> **Problem to work on**
From the line with "Father John Reid" to the line with "A collection of", retype every line exactly, including those two, and leave out the rest of the data below.

Material supplied Start Marker

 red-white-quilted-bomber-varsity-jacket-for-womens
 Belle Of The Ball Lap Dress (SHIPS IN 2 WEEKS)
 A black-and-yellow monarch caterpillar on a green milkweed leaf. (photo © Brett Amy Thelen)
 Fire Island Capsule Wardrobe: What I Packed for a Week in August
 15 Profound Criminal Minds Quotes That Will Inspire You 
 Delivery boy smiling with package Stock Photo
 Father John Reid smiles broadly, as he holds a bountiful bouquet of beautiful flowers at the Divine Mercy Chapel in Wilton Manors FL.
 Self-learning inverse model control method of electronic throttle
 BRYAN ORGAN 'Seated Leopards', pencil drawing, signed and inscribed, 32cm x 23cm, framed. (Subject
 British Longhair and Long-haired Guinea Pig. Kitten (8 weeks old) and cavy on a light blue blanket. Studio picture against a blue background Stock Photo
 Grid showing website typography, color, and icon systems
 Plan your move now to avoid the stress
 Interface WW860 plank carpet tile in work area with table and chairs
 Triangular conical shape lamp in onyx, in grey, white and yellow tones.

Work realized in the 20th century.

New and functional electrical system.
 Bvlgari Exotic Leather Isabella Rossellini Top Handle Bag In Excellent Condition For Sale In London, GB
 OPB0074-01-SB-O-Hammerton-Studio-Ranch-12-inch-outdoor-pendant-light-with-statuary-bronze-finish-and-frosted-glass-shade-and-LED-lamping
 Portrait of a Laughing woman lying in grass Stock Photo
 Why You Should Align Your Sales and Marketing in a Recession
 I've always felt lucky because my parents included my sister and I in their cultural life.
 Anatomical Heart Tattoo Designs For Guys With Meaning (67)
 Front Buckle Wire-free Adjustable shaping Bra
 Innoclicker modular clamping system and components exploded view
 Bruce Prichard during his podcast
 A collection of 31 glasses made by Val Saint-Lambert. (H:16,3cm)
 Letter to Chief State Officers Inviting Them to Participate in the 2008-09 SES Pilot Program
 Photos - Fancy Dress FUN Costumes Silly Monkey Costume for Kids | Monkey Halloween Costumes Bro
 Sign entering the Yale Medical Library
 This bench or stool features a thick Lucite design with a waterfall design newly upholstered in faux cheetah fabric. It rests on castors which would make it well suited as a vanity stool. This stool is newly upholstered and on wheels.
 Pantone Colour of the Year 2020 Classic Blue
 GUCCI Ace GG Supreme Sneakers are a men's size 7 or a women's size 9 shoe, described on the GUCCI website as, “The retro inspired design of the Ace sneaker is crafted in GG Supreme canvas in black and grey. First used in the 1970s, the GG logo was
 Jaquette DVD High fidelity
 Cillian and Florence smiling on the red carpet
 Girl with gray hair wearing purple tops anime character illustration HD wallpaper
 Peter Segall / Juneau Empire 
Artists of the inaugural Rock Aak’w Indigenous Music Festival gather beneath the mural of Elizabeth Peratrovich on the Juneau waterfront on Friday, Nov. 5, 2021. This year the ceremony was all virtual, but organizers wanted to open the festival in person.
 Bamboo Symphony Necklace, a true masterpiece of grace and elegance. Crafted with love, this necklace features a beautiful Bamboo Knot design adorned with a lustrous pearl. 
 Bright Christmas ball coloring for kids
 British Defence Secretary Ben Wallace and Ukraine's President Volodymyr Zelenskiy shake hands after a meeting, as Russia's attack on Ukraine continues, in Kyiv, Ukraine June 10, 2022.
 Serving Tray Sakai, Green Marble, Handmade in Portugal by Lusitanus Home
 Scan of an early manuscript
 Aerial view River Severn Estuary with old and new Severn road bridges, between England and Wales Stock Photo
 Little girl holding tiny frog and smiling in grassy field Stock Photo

Material supplied End Marker

> **Worked solution**
 Father John Reid smiles broadly, as he holds a bountiful bouquet of beautiful flowers at the Divine Mercy Chapel in Wilton Manors FL.
 Self-learning inverse model control method of electronic throttle
 BRYAN ORGAN 'Seated Leopards', pencil drawing, signed and inscribed, 32cm x 23cm, framed. (Subject
 British Longhair and Long-haired Guinea Pig. Kitten (8 weeks old) and cavy on a light blue blanket. Studio picture against a blue background Stock Photo
 Grid showing website typography, color, and icon systems
 Plan your move now to avoid the stress
 Interface WW860 plank carpet tile in work area with table and chairs
 Triangular conical shape lamp in onyx, in grey, white and yellow tones.

Work realized in the 20th century.

New and functional electrical system.
 Bvlgari Exotic Leather Isabella Rossellini Top Handle Bag In Excellent Condition For Sale In London, GB
 OPB0074-01-SB-O-Hammerton-Studio-Ranch-12-inch-outdoor-pendant-light-with-statuary-bronze-finish-and-frosted-glass-shade-and-LED-lamping
 Portrait of a Laughing woman lying in grass Stock Photo
 Why You Should Align Your Sales and Marketing in a Recession
 I've always felt lucky because my parents included my sister and I in their cultural life.
 Anatomical Heart Tattoo Designs For Guys With Meaning (67)
 Front Buckle Wire-free Adjustable shaping Bra
 Innoclicker modular clamping system and components exploded view
 Bruce Prichard during his podcast
 A collection of 31 glasses made by Val Saint-Lambert. (H:16,3cm)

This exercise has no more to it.